# South African Timeshare problems



## Crusader (May 16, 2007)

If you need advice or have any timeshare (or points) problems in South Africa then check my blog out.  It is not a sales blog but rather a non-partisan consumer advice site to guide you through the minefield of SA timeshare.  Check it out at:  http://timesharesa.blogspot.com.  You wont be sorry - HAVE YOUR SAY ON TIMESHARE SA!


----------



## Bill4728 (May 16, 2007)

Per BBS rules  please post a message on only one board. 

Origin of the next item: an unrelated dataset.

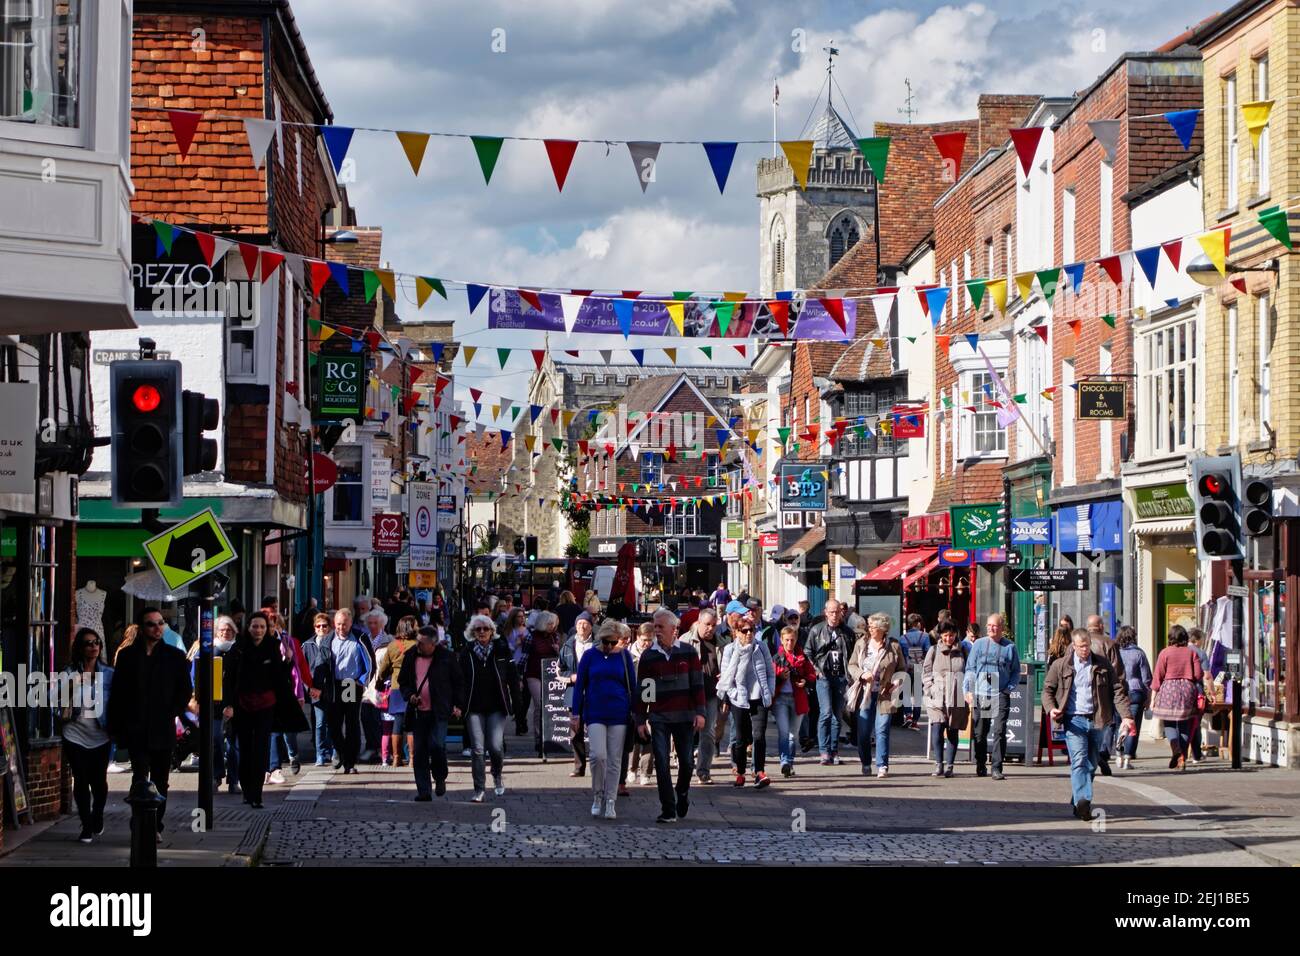 Salisbury, Wiltshire, UK - May 13 2017: The High Street in Salisbury, Wiltshire, England, United Kingdom, very busy with shoppers and tourists Stock Photo

Since this is about S. Africa and we have a S. African board, I'm going to move this message to that board.


----------



## AwayWeGo (May 16, 2007)

*I'm A-Squinting At It But I'm Not Making Anything Out.*




Crusader said:


> If you need advice or have any timeshare (or points) problems in South Africa then check my blog out.  It is not a sales blog but rather a non-partisan consumer advice site to guide you through the minefield of SA timeshare.  Check it out at:  http://timesharesa.blogspot.com.  You wont be sorry - HAVE YOUR SAY ON TIMESHARE SA!


It's unfortunate the web site design makes for such difficult reading -- small light lettering against all-black background is tough for an old crosseyed guy like me to make out.  Too bad -- the web site might have contained useful information.  Then again, how useful is it if I can't read it? 

-- Alan Cole, McLean (Fairfax County), Virginia, USA.​


----------



## TSTex02 (May 18, 2007)

*This could be good*

I agree with Allan. This could be a great asset to those of us interested in SA timesharing. Please change your website background to make it more readable. Those of us with old eyes would be grateful. Thanks.


----------



## happymum (May 18, 2007)

Some excellent information, much of it relevant to timeshare sales everywhere. Thanks.


----------